I have seen somewhere (on this or another Forum) a WWI photo of a German military engineer easing out just such a dent using a blow torch to heat up the scabbard and then (apparently) forcing a piece of blank metal of the right size into the throat - but the scabbard I have has a rather nice patina, so I don't want to use a blow torch on it...
Any suggestions what to do?:?

Trajan
 
#2 ·
Special tools were made that would slip into the bayonet scabbard, the inside dimensions of it, and then the scabbard could be hammered into shape over this mandrel. You need to make something similar.
 
#3 ·
Thanks Sean. It just so happens that I also have a battlefield relic 98/05 sawback that does fit into the same scabbard, with a slight push. There is not that much variation in 98/05 blade thicknesses, but I can see that the relic might have lost just enough surface through corrosion to slip in more easily - if so we are talking possibly of about 0.5 mm here!. Perhaps I can use the relic as a mandrel to reform the scabbard?

Trajan
 
#4 ·
If the dent is that close to the throat, you can make a mandrel out oak, or other hard wood. Just trace the end of the scabbard, on the end of the wood, Then make the wood slightly smaller. I have also heard of people filling them with water, and freezing to push dents out. I've never done this. Seems to me, you would have to seal the open end. If tightly sealed, you run the risk of splitting the seam.
 
#5 ·
The scabbard to my 98/05 I recently posted in another thread is MISSING both the throat and the screw that held it in place; they DO come out! If you can remove these from yours without boogering the slot on the screw ( or even worse - breaking it off! ), then you can MUCH more easily get something to use as a mandrel down the scabbard. Just don't force anything!
 
#6 ·
Trajan, you will not be able to use the "relic" bayonet as a substitute mandrel. Use a purpose-made mandrel close to the dimensions of the inside of the scabbard and of the same curve, that way you know it will work. Light hammer blows around the edge of the dent with a flat, wide faced hammer will do the trick. Oak or an equally hard wood may work but steel will do better and will not take that much longer to file to shape. It can also be held in your vice more securely than wood.

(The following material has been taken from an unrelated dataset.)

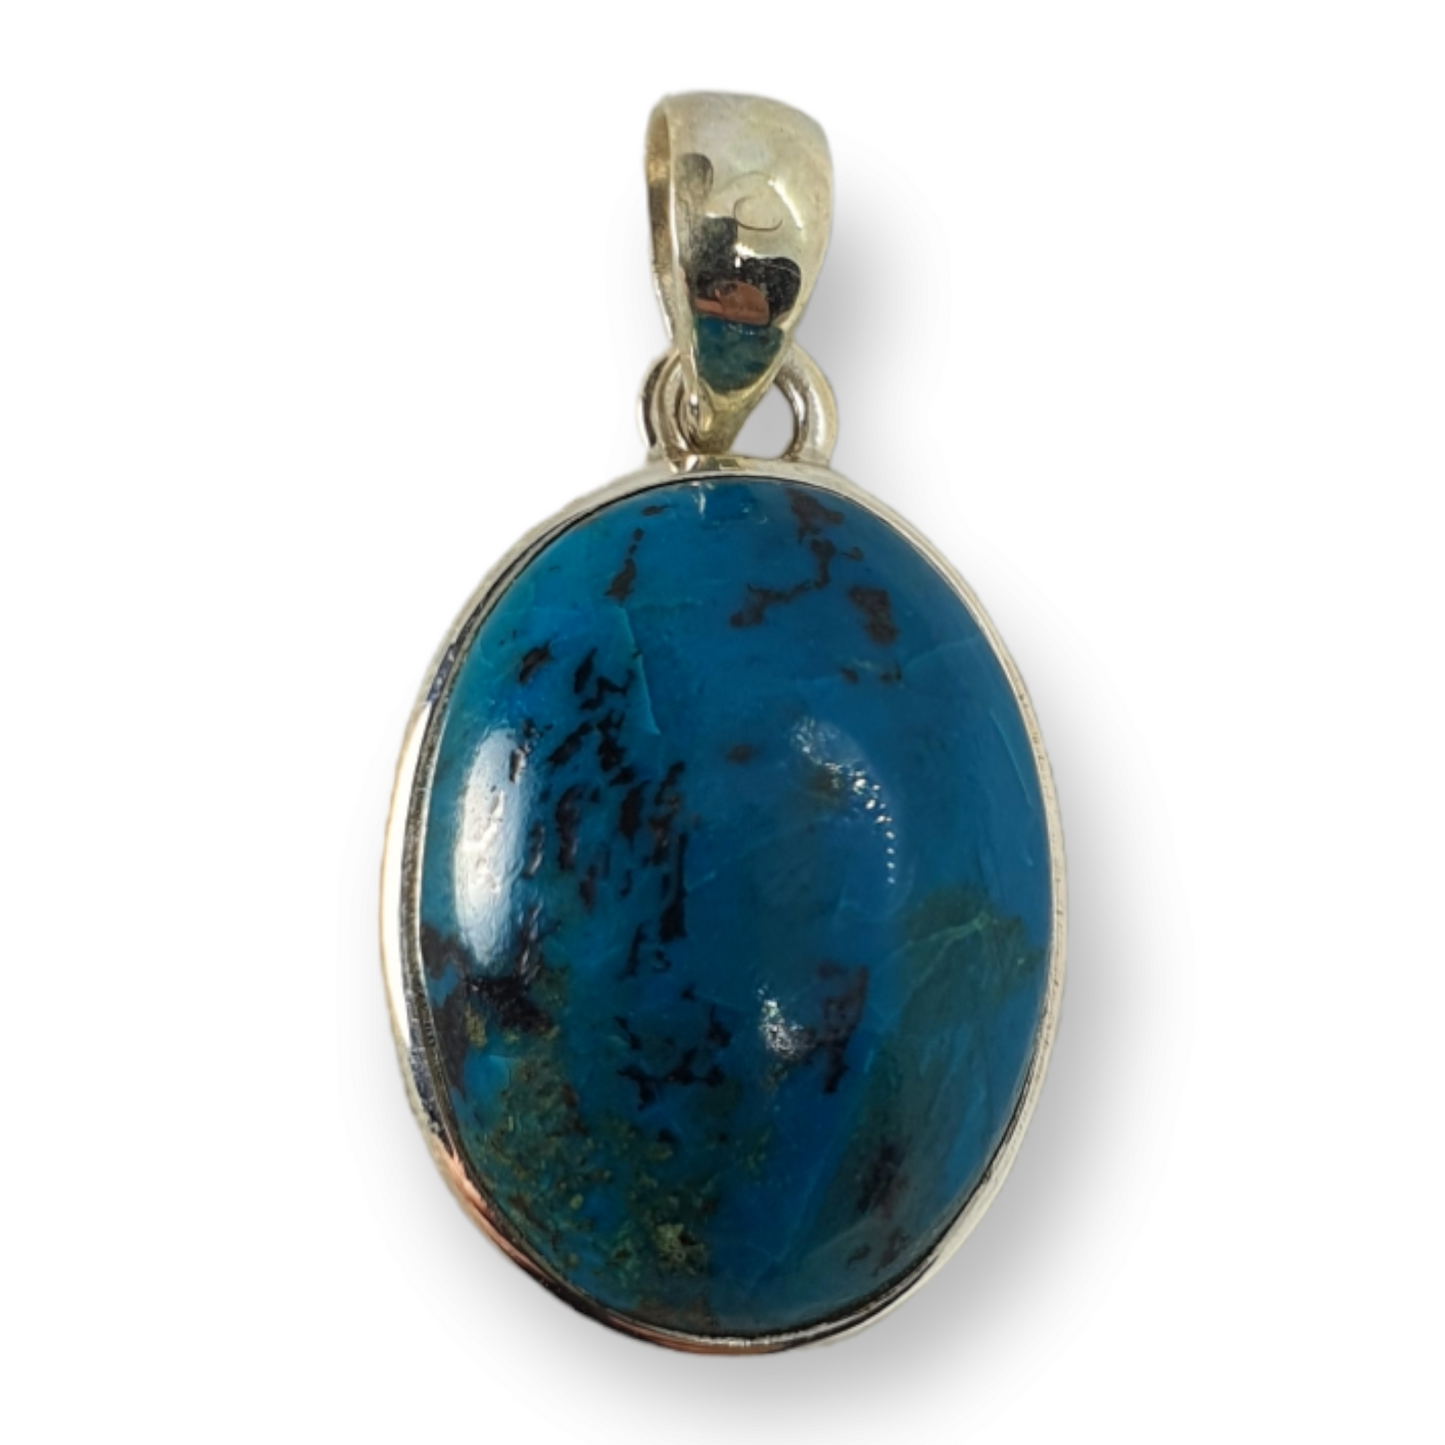 Crystals - Chrysocolla Cabochon Oval Pendant - Sterling Silver
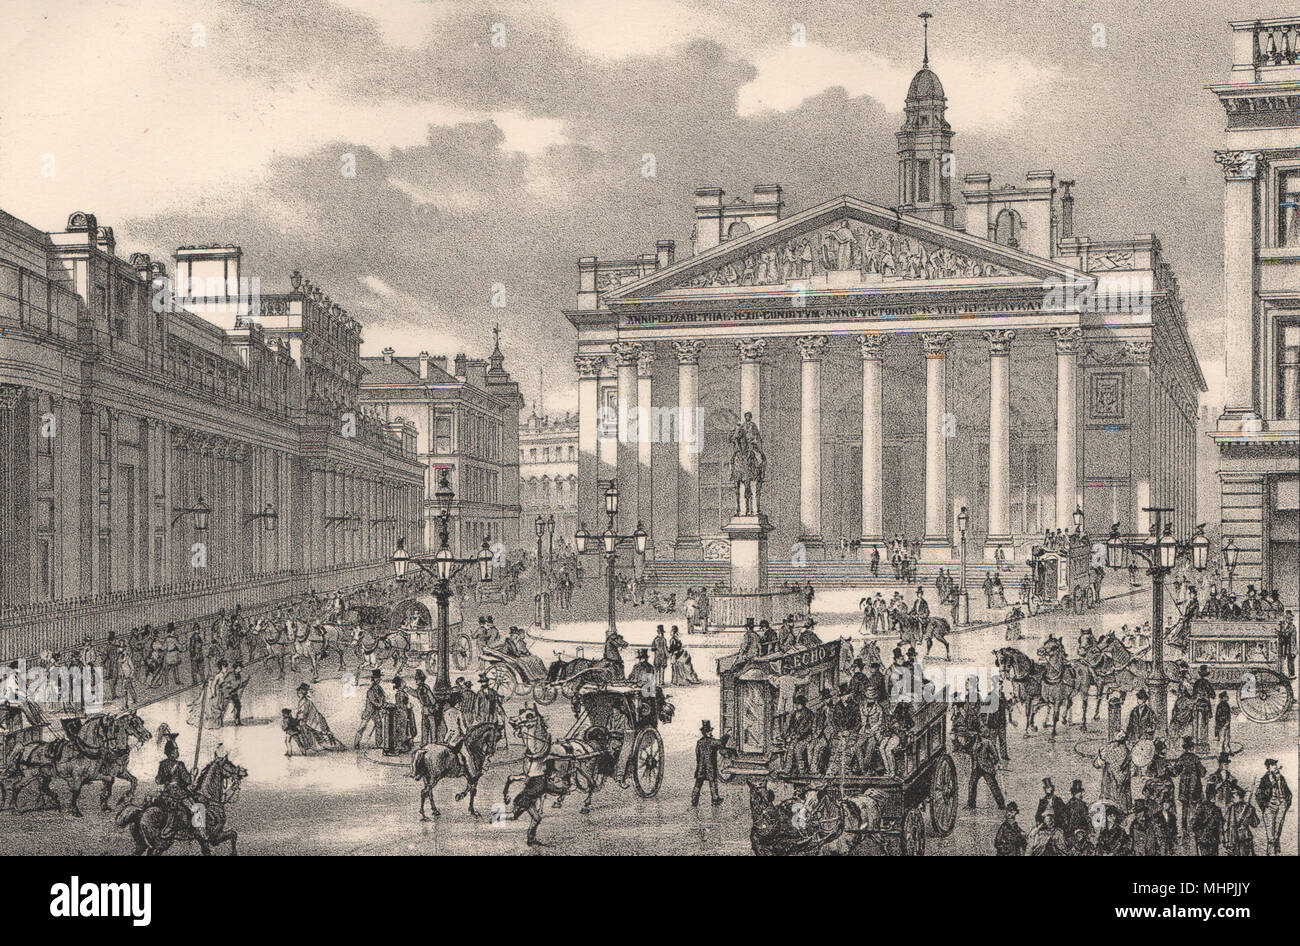 The Royal Exchange & Bank of England, from the Mansion House, London c1880 Stock Photo

As far as the freezing water in the scabbard? No, not in a million years will that work. I've seen that suggestion too but as water freezes it is not selective in it's expansion. it exerts equal pressure everywhere and is just as likely to distort, even split the scabbard as it is to push out the dent though it will likely expand in the space with least resistance and come out of the open end if not tightly sealed.
 
#10 ·
Good suggestion to use a suction cup although I suspect the steel gauge in the scabbard (thicker) is different that that used in autos (thinner). In theory the heat then cold makes some sense. I knew an old farmer in Wisconsin that built a fire over large hard head rocks in fields he was plowing. He'd keep them going for several hours, poured cold water on the hot rocks and remove the small pieces.